Creation of the Pangenome Bovin Consortium

Creation of the Pangenome Bovin Consortium

Creation of the Pangenome Bovin Consortium

The construction of a single reference genomic sequence for each species has made a major contribution to the analysis of the genome, its diversity and its functioning. But it gives an incomplete representation of the diversity of genomes within a species. By making it possible to produce longer sequence fragments, new sequencing technologies will enable us to go even further in our knowledge of the genomes of each species. INRAE researchers are taking part in the "Bovine Pangenome Consortium", a large-scale international collaboration whose aim is to produce a pangenome, i.e. a large set of high-quality, interconnected genomes, making it possible to describe the full genomic diversity of the species. The consortium's full objectives are described in an article published in the journal Genome Biology.

Since the 2000s, animal genomics work in most species has been based on a "reference" genome assembly, i.e. the best possible representation of the genome of a particular individual of the species studied.
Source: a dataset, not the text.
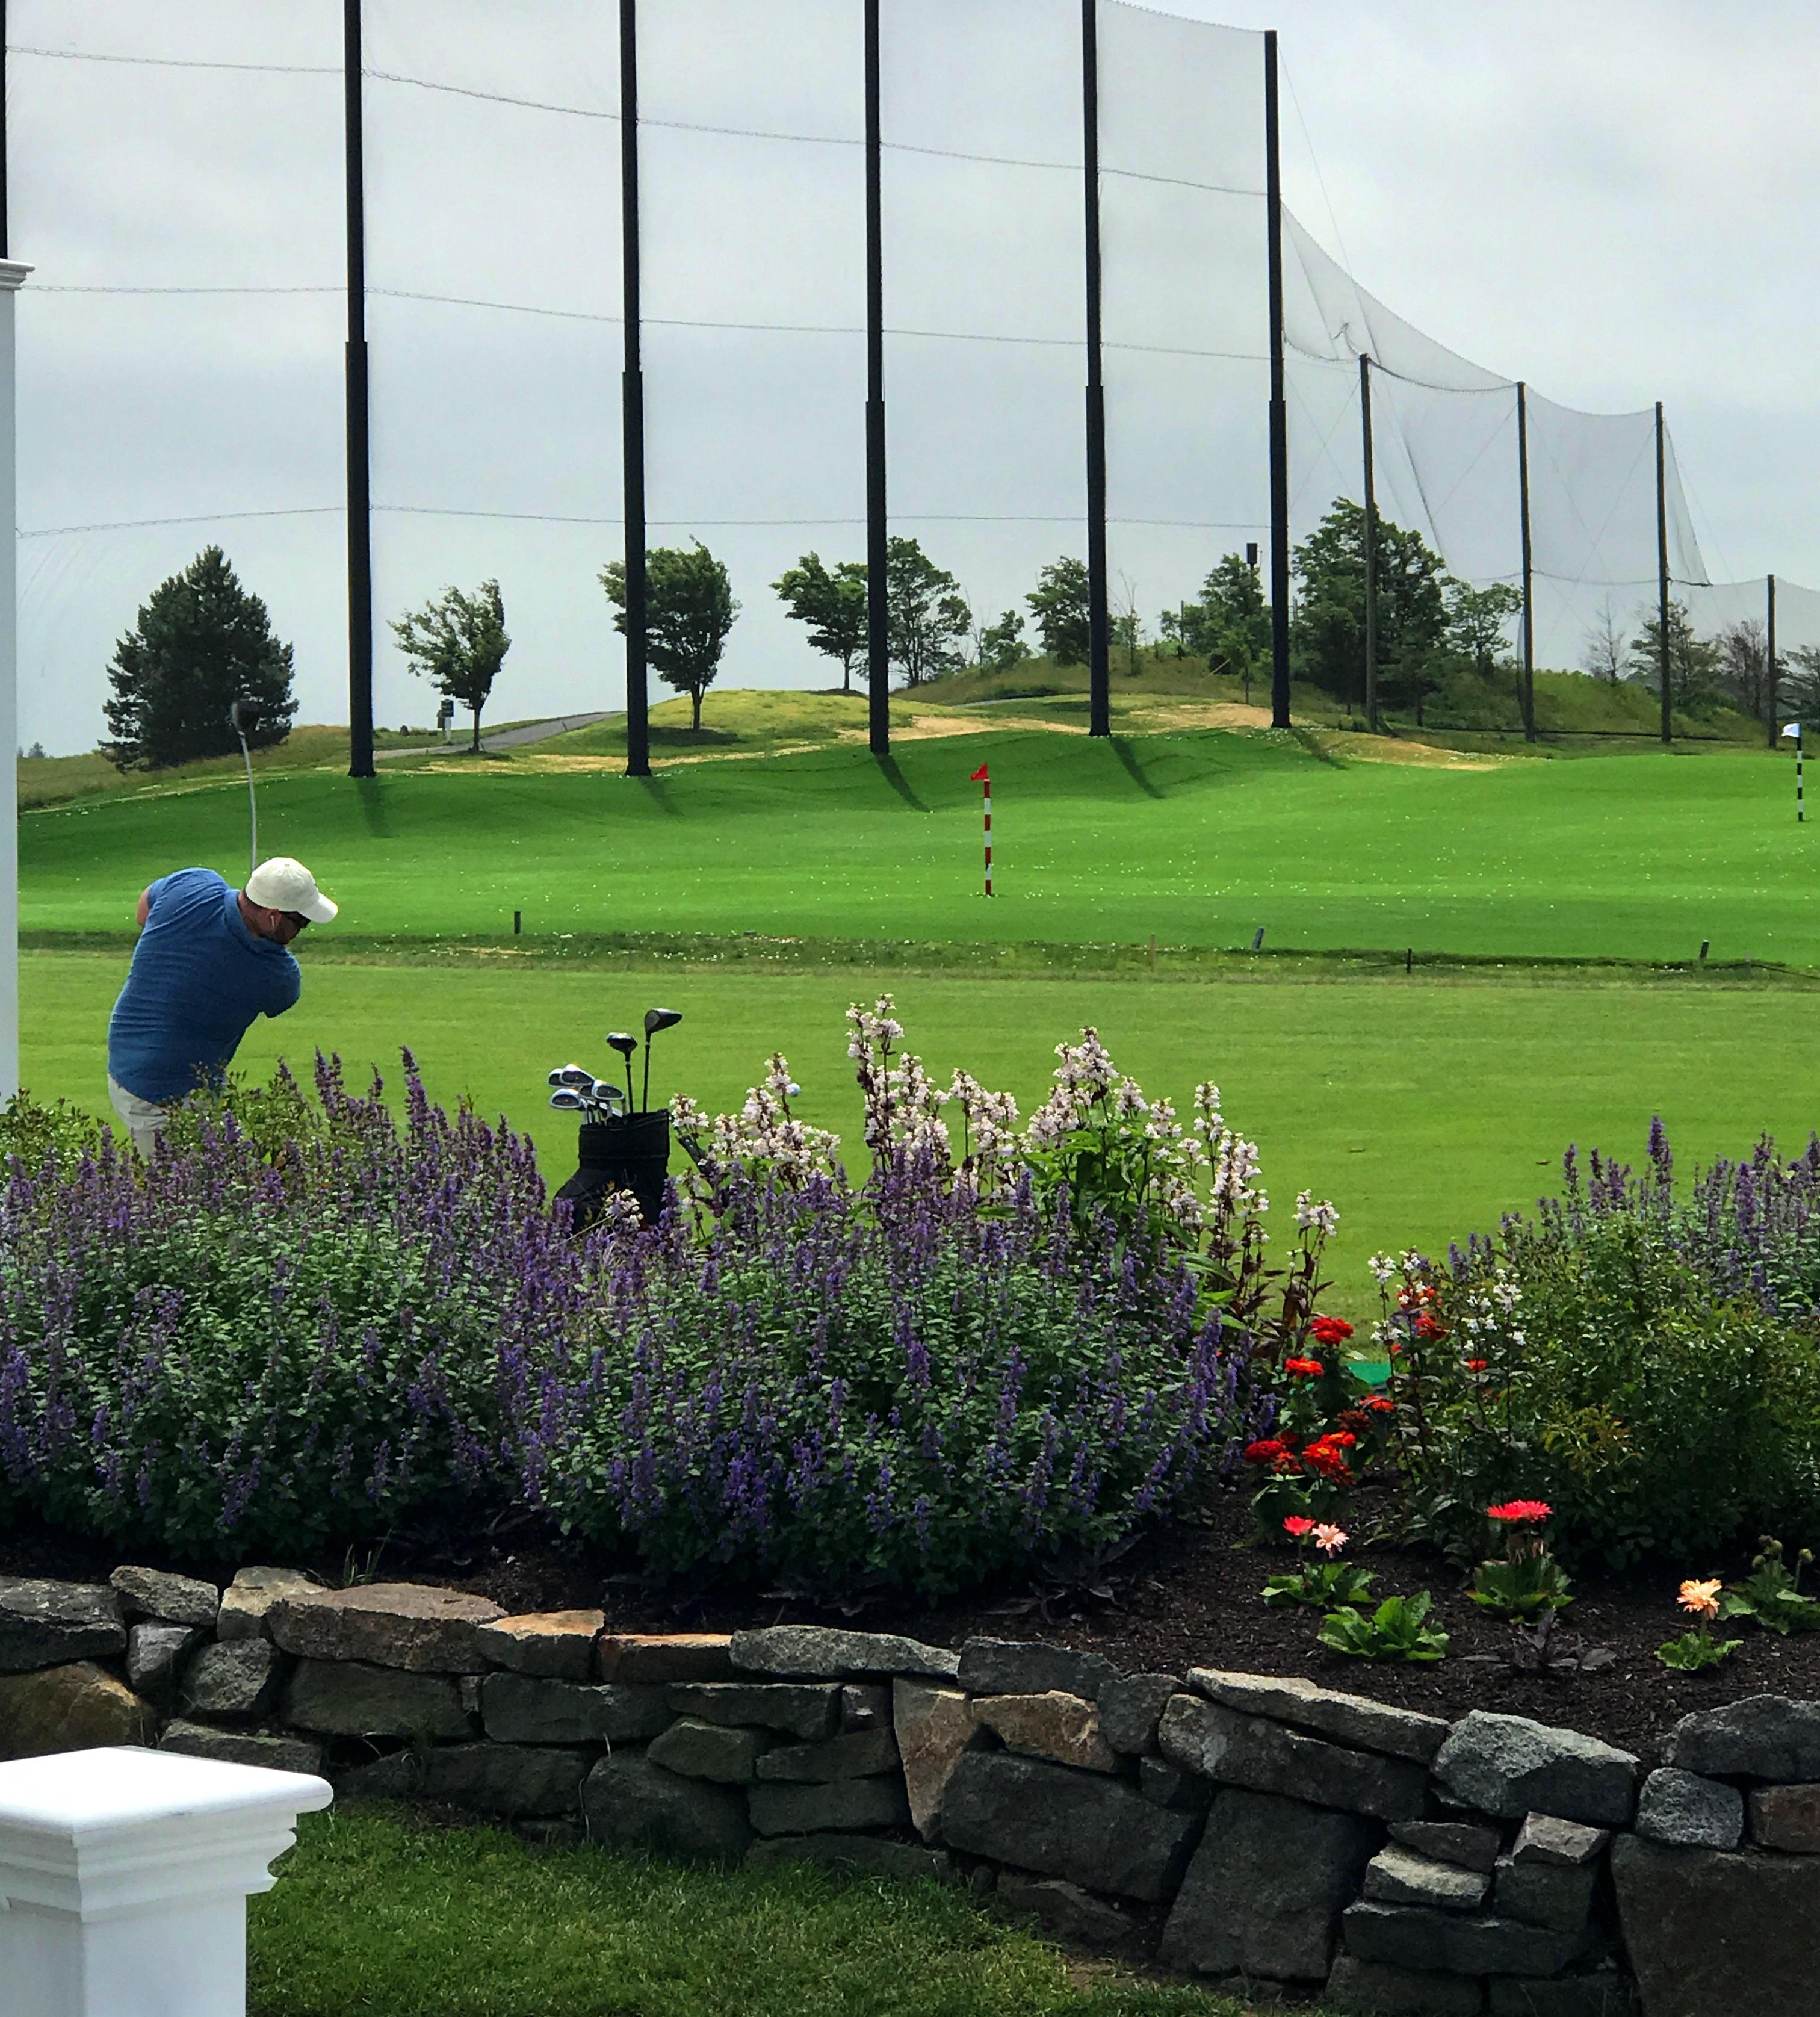 Driving Range Boston South Shore Granite Links Golf Club

This reference is the subject of major investment to maximize its quality and to annotate it, i.e. to decode and give biological meaning to the information contained in the DNA sequences.  The reference genome is a fully public resource, readily available in sequence databases such as Ensembl or NCBI. By comparing sequence data from other individuals with this reference, genetic variants can be identified. This highly efficient approach has made it possible to characterize tens of millions of variants within each species, mainly of small size (substitutions of a single base on the sequence (SNPs) and small insertions-deletions of a few bases at certain points in the genome), with the applications that we know: development of genotyping tools; detection of genome zones (QTL) or specific variants involved in the variability of traits of interest; genomic selection.
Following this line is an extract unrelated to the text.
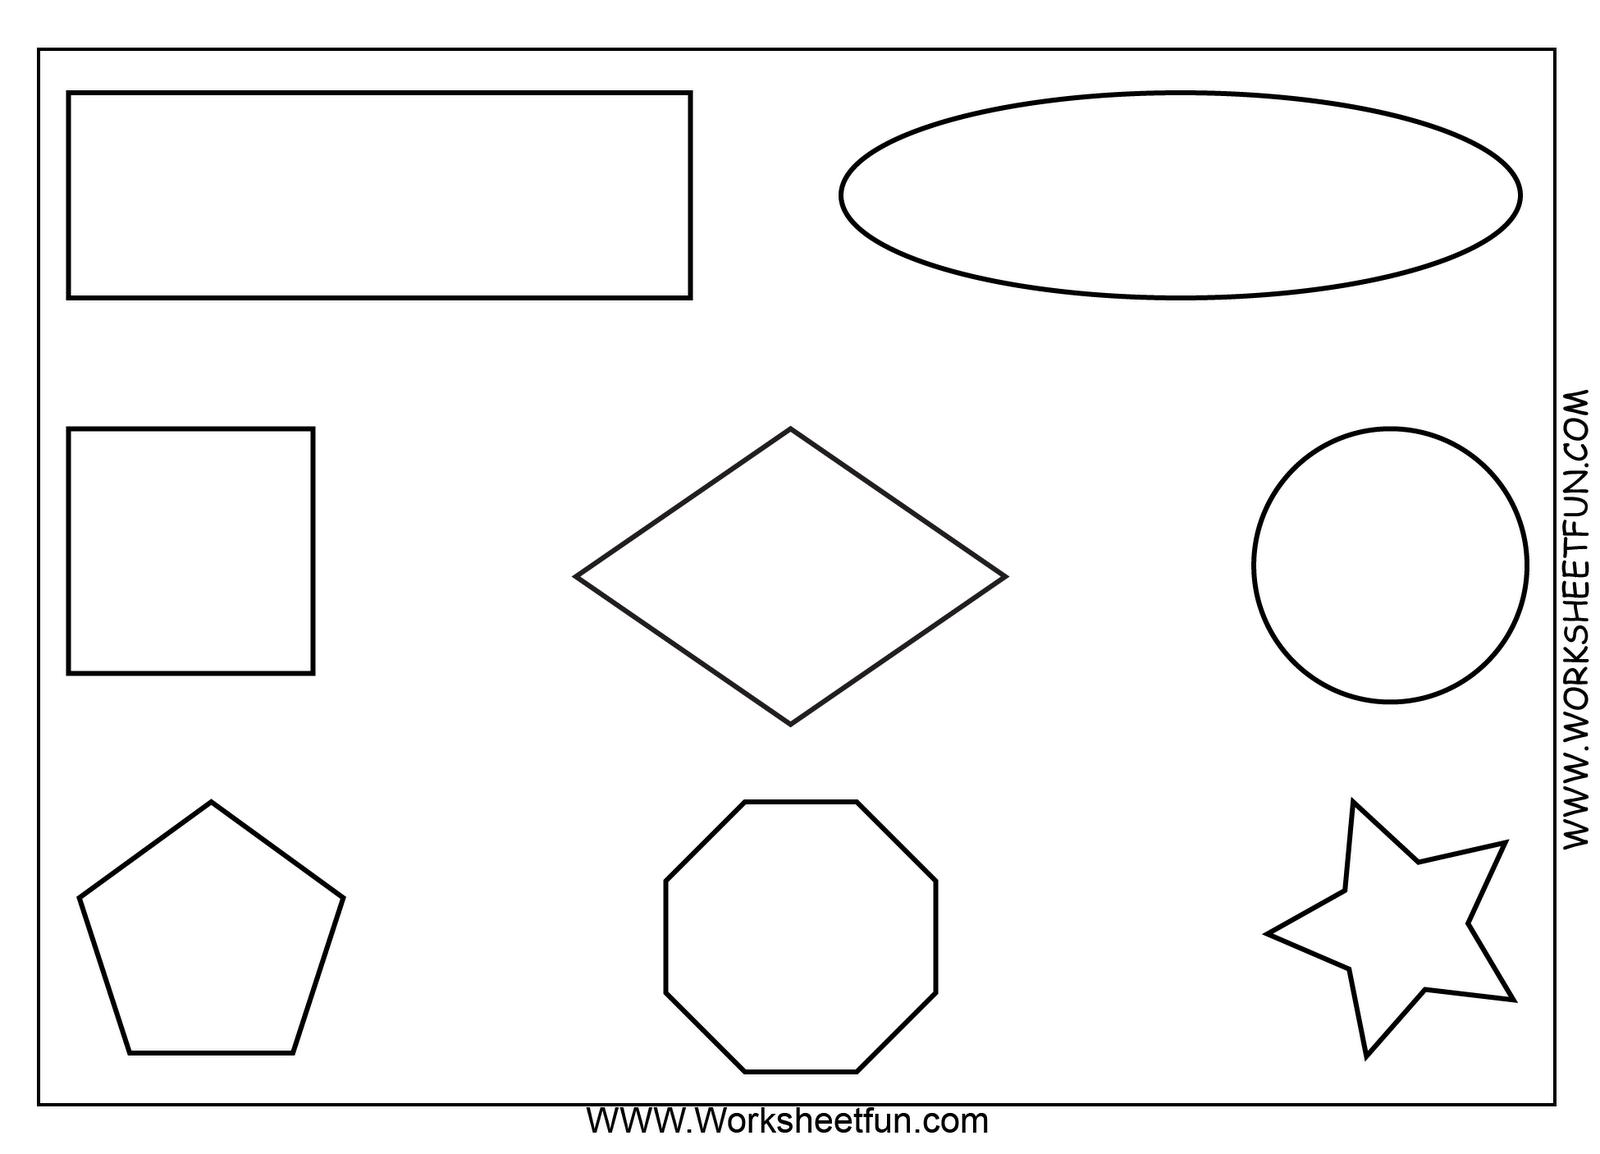 worksheet Free Shape Worksheets free printable preschool shape worksheets worksheet blog shapes 2017 calendar

However, this approach has its limitations.
The search for structural variants, which are associated with more extensive modifications of the genomic sequence, is complex to conduct and of limited effectiveness. In addition, many of the sequences produced are not mapped onto the reference and are rejected.This is because the genome of the reference individual does not necessarily contain all the sequences present in the species and, more generally, because the genome of the individual studied differs sufficiently from the reference that it is not possible simply to characterize their differences.Indeed, due to the multiple genome rearrangements that occur during the evolution of a species (exchange of sequence fragments between chromosomes, duplication or inversion of the direction of certain portions of the genome), genome collinearity is not complete within a species, and even less so between species, even if they are close.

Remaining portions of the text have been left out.